My code runs fine while testing 1 Test case but fails while submit code

avdesh02 · June 18, 2021, 5:43pm

This is the problem:

Given an undirected and connected graph of N vertices and N-1 edges.
The number written on the ith vertex is val[i]. The task is to count
the number of pairs(x,y) such that the following conditions are satisfied:

0 ≤ x < y ≤ N-1
The GCD of the numbers written on the vertices on the simple path in the given graph from x to y should be divisible by K.

For Example:
Input:
N = 4, K = 2
Edges[] = {{0, 1}, {0, 2}, {2, 3}}
Val[] = {2, 6, 4, 3}
Output:
3
Explanation:
0 - 1
|
2 - 3
There are three pairs - (0,1), (1,2) and
(0,2) which satisify both the conditions.

my solution:
import math

class Solution:
def countPair(self, N, Edges, Val, K):
count = 0

    for i in range(len(Val)):
        for j in range(len(Val) - 1, i, -1):
            if math.gcd(Val[i], Val[j]) % K == 0:
                count += 1
    return count

if name == ‘main’:
t = int(input())
for _ in range(t):
n,k = map(int, input().strip().split())
val = [int(x) for x in input().strip().split()]
edges = []
for i in range(n-1):
x,y = map(int, input().strip().split())
edges.append([x,y])
ob = Solution()
ans = ob.countPair(n,edges,val,k)
print(ans)

roushan_17 · June 19, 2021, 6:35am

Please submit the problem link and a link to your code.
Or Format the code here so that its readable

avdesh02 · June 25, 2021, 6:53am

Hey Roushan_17 - Here is the link - My code runs fine while testing 1 Test case but fails while submit code · GitHub

roushan_17 · July 1, 2021, 6:47am

you can tag nodes as good or bad using rule (whether they are divisible by k or not)

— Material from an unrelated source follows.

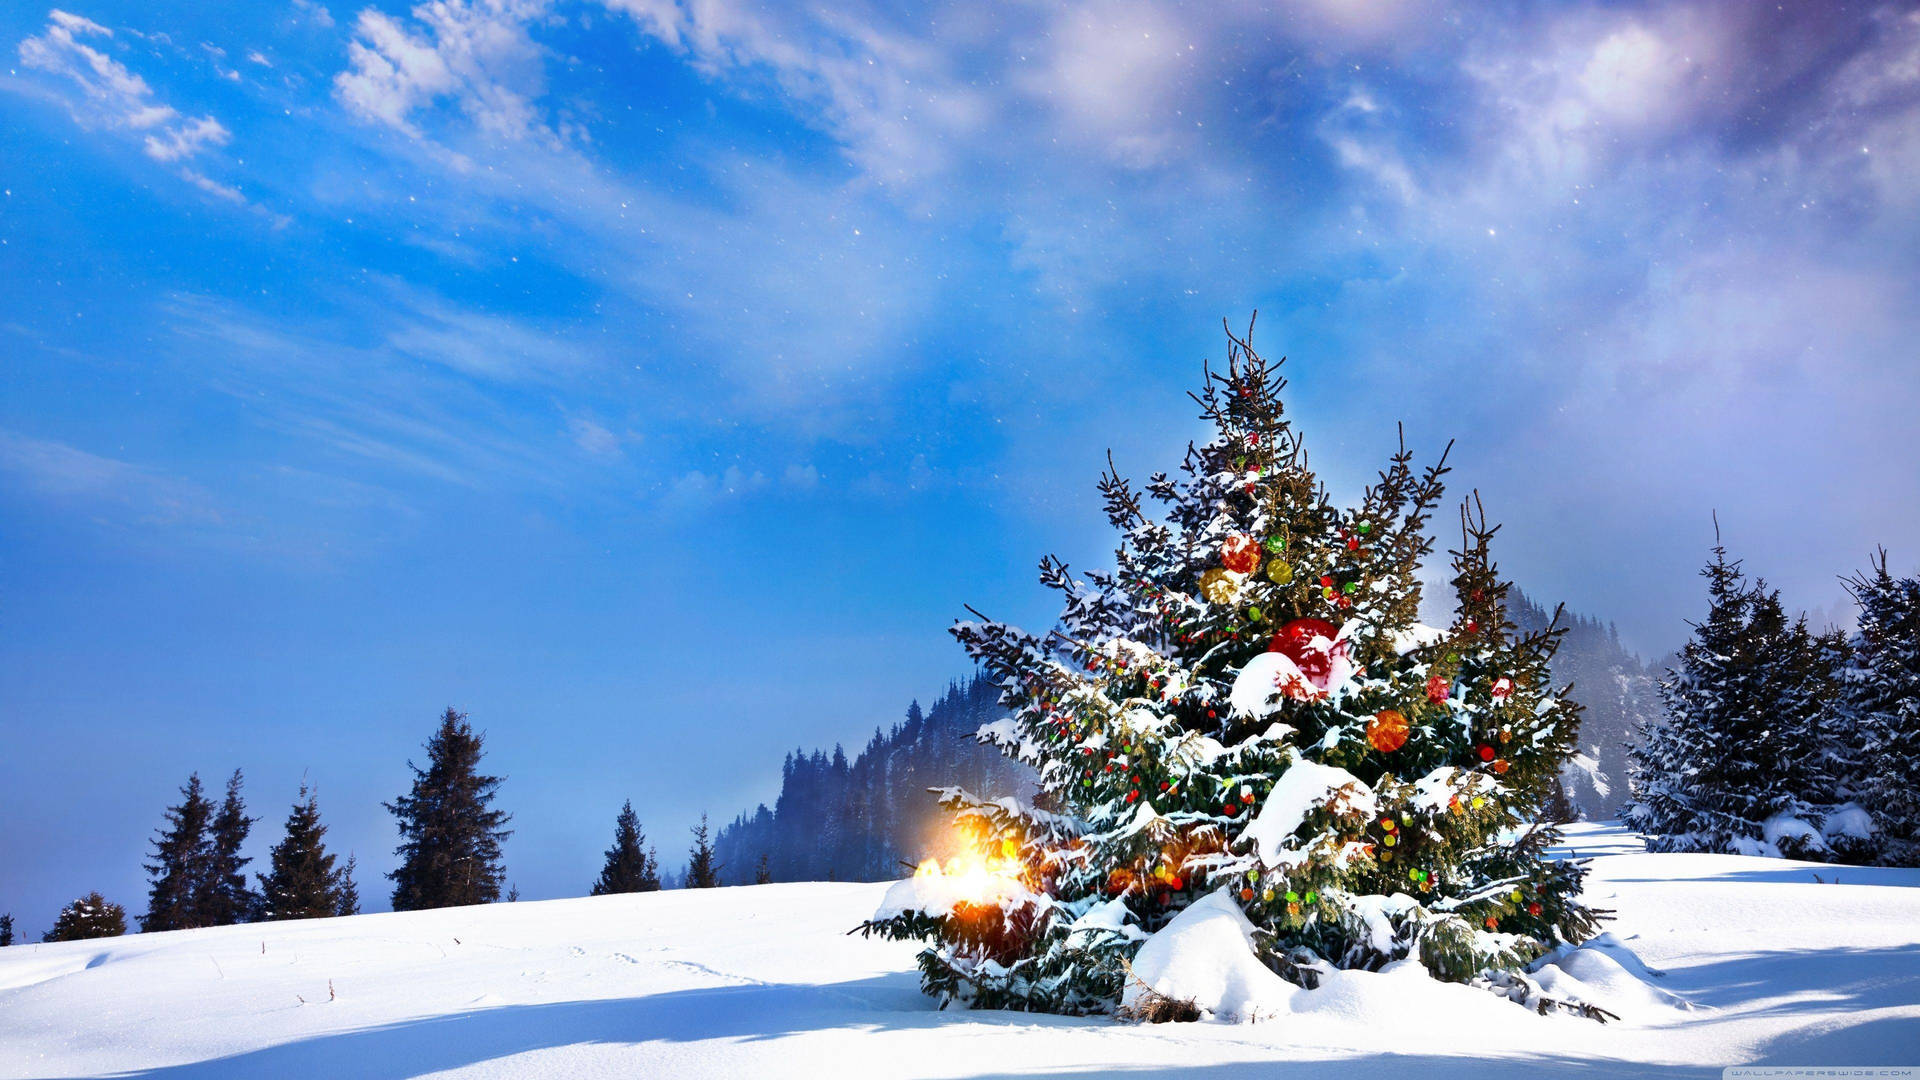 Enjoy the Joyful Holiday Season Wallpaper

then you can do union find and find the number of nodes in a good component(component in which all nodes are good). answer is sum of C(n, 2) for all good components.

This may also be solved using just dfs and some precomputation but haven’t tried that .

sudo_s · July 1, 2021, 7:08am

This problem is from the GFG contest, right?
My approach: For each connected component, such that every node is divisible by k in that component, do ans+=(len(comp)*(len(comp)-1)/2;

#define ll long long
class DisjointSet{
    unordered_map<ll,ll> parent,sz;
    public:
        void makeSet(vector<ll> &Nodes){
            for(ll i:Nodes){
                parent[i] = i;
                sz[i] = 1;
            }
        }    
        ll findParent(ll node){
            if(parent[node] ==  node)
                return node;
            return parent[node] = findParent(parent[node]);
        }
        void unionSet(ll a,ll b){
            a = findParent(a);
            b = findParent(b);
            if(a!=b){
                if(sz[a]<sz[b])
                    swap(a,b);
                parent[b]  = a;
                sz[a]+=sz[b];
            }
        }
};

long long countPairs(int N, vector<vector<int>> Edges, vector<int> val,int k)
    {
        // code here
        vector<ll> Nodes(N);
        for(ll i=0;i<N;i++)    Nodes[i] = i;
        DisjointSet djs;
        djs.makeSet(Nodes);
        for(int i=0;i<N-1;i++){
            int i1 = Edges[i][0],i2 = Edges[i][1];
            // cout<<i1<<" "<<i2;
            if((val[i1])%k == 0 && (val[i2])%k == 0){
                djs.unionSet(i1,i2);
            }
        }
        map<ll,ll> mp;
        ll ans = 0;
        for(int i=0;i<N;i++){
            //<<djs.findParent(i)<<" ";
            mp[djs.findParent(i)]++;
        }
        for(auto i:mp){
            ans+=((i.second)*(i.second-1))/2;
        }
        
        return ans;
    }